» **ACTIVITY**: A verbatim repeat of the lines below is required, with the pictures removed.

» **MATERIAL PROVIDED**:

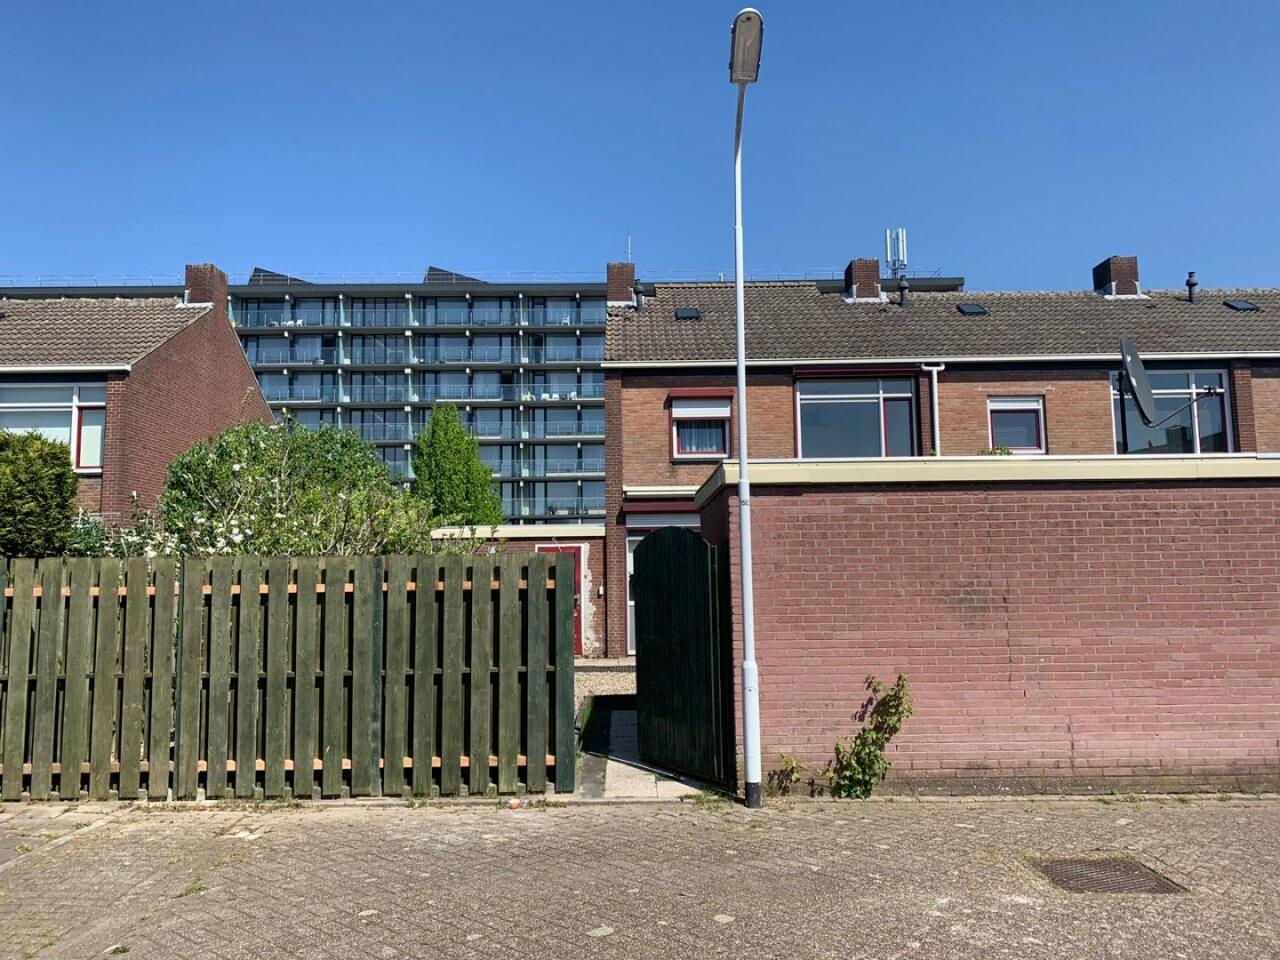 Peter van Anrooylaan 19, Terneuzen
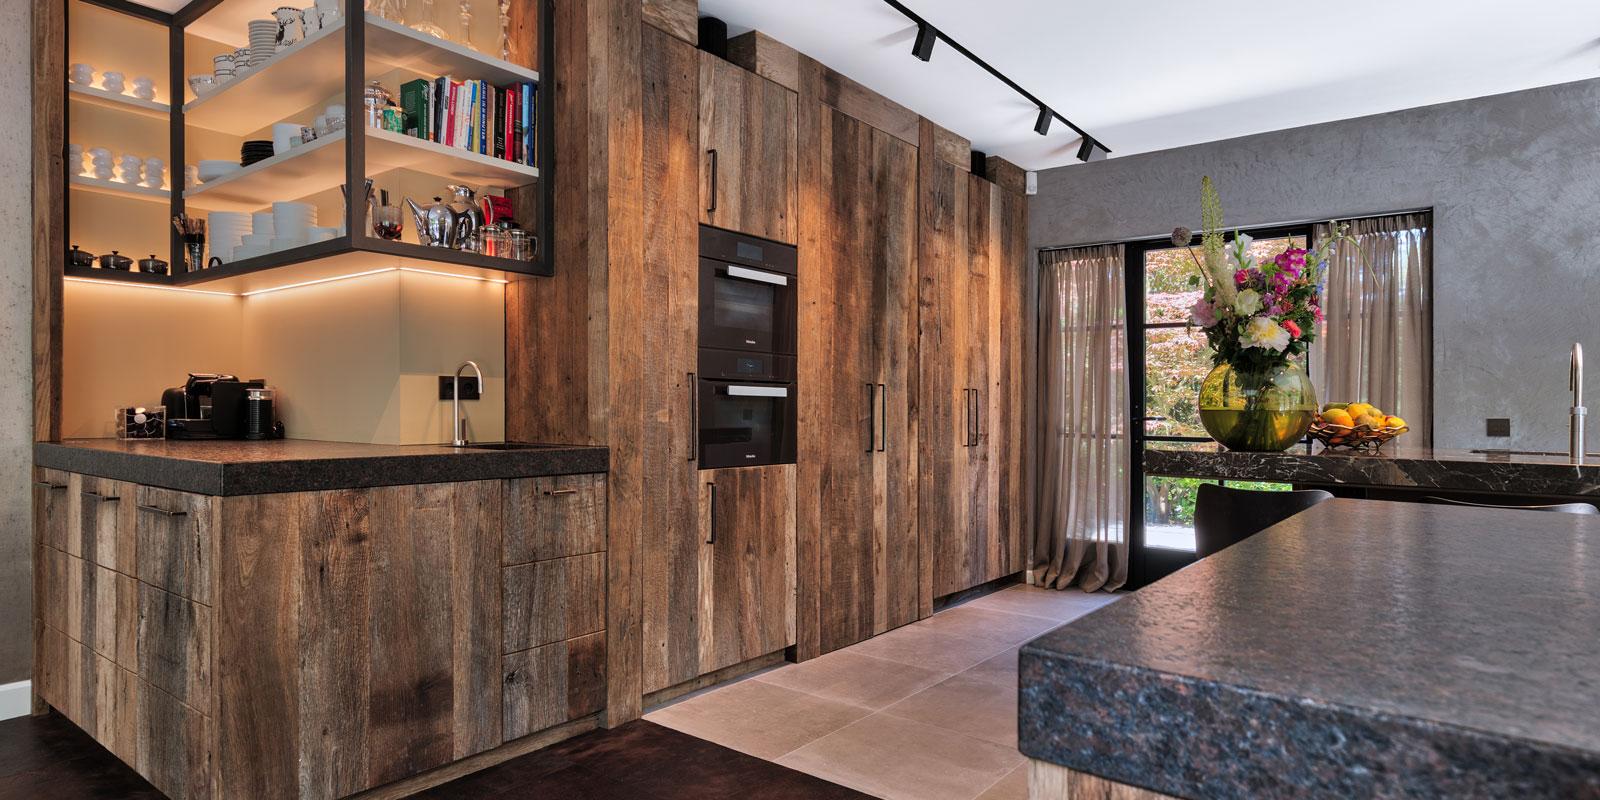 derk, exclusief interieur, luxe keuken, luxe slaapkamer, luxe woonkamer, the art of living
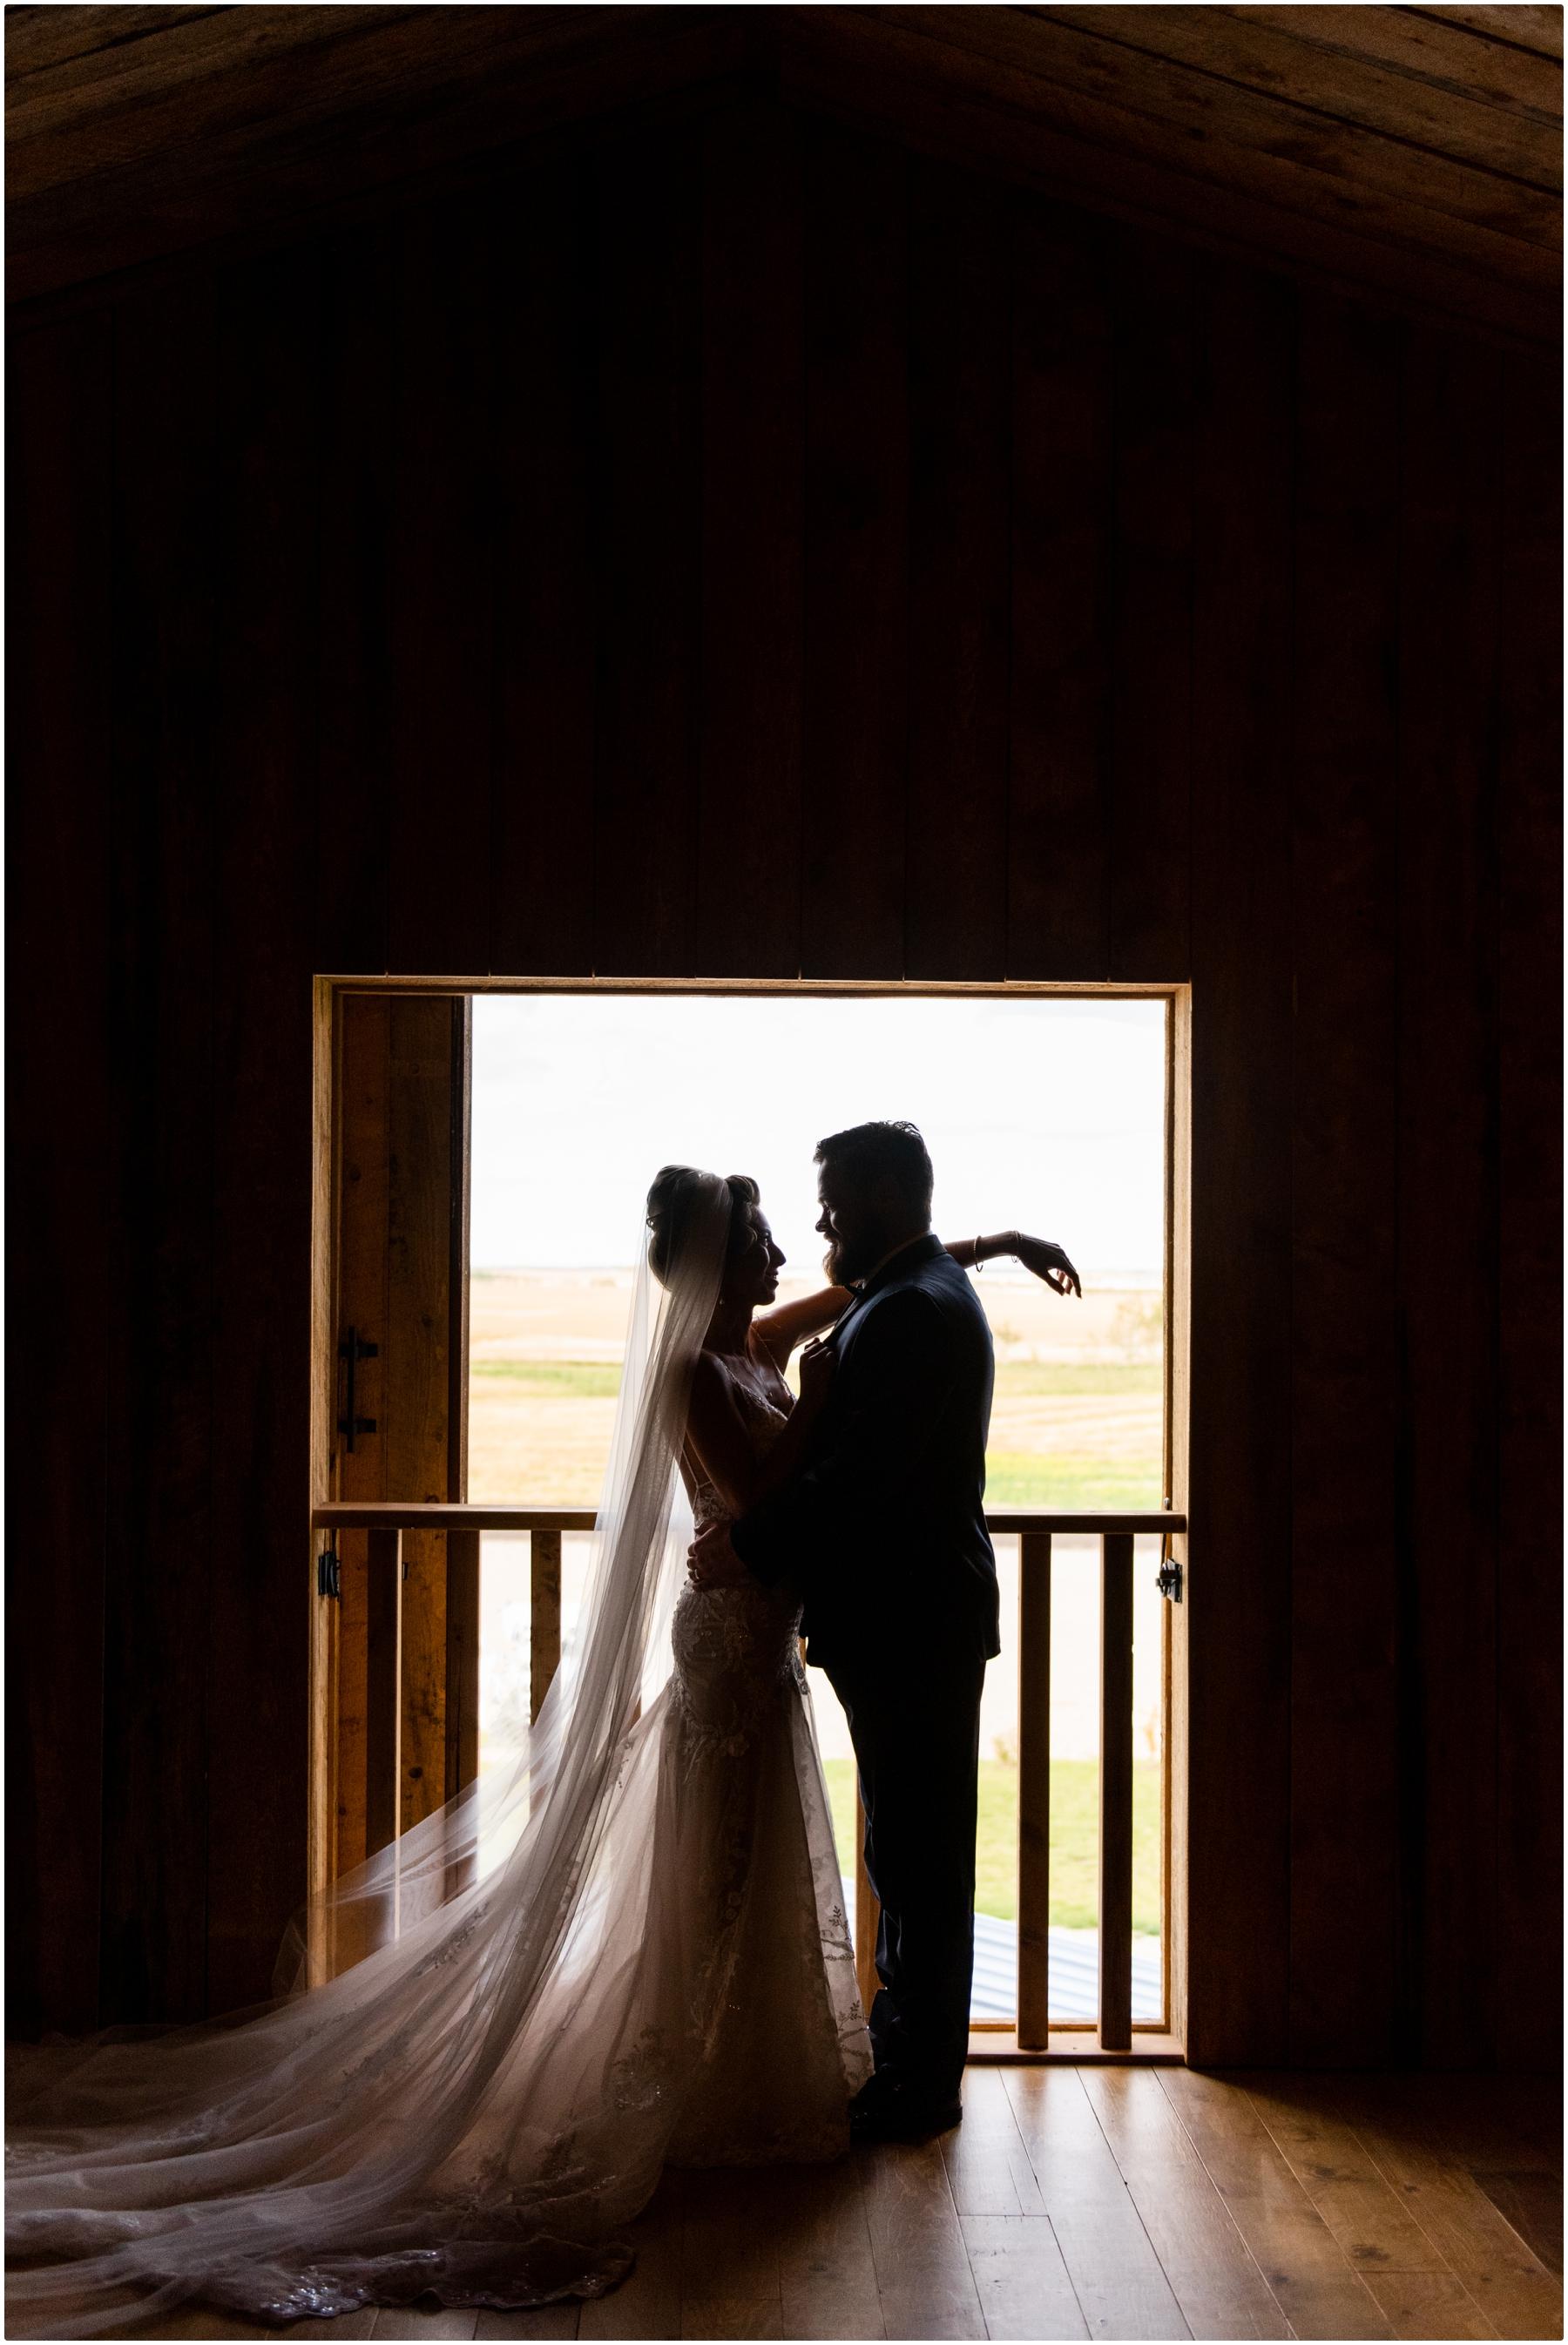 Barn Bride & Groom Photo - Sweet Haven Barn

» **RESPONSE FOR THIS EXERCISE**:
 Peter van Anrooylaan 19, Terneuzen
 derk, exclusief interieur, luxe keuken, luxe slaapkamer, luxe woonkamer, the art of living
 Barn Bride & Groom Photo - Sweet Haven Barn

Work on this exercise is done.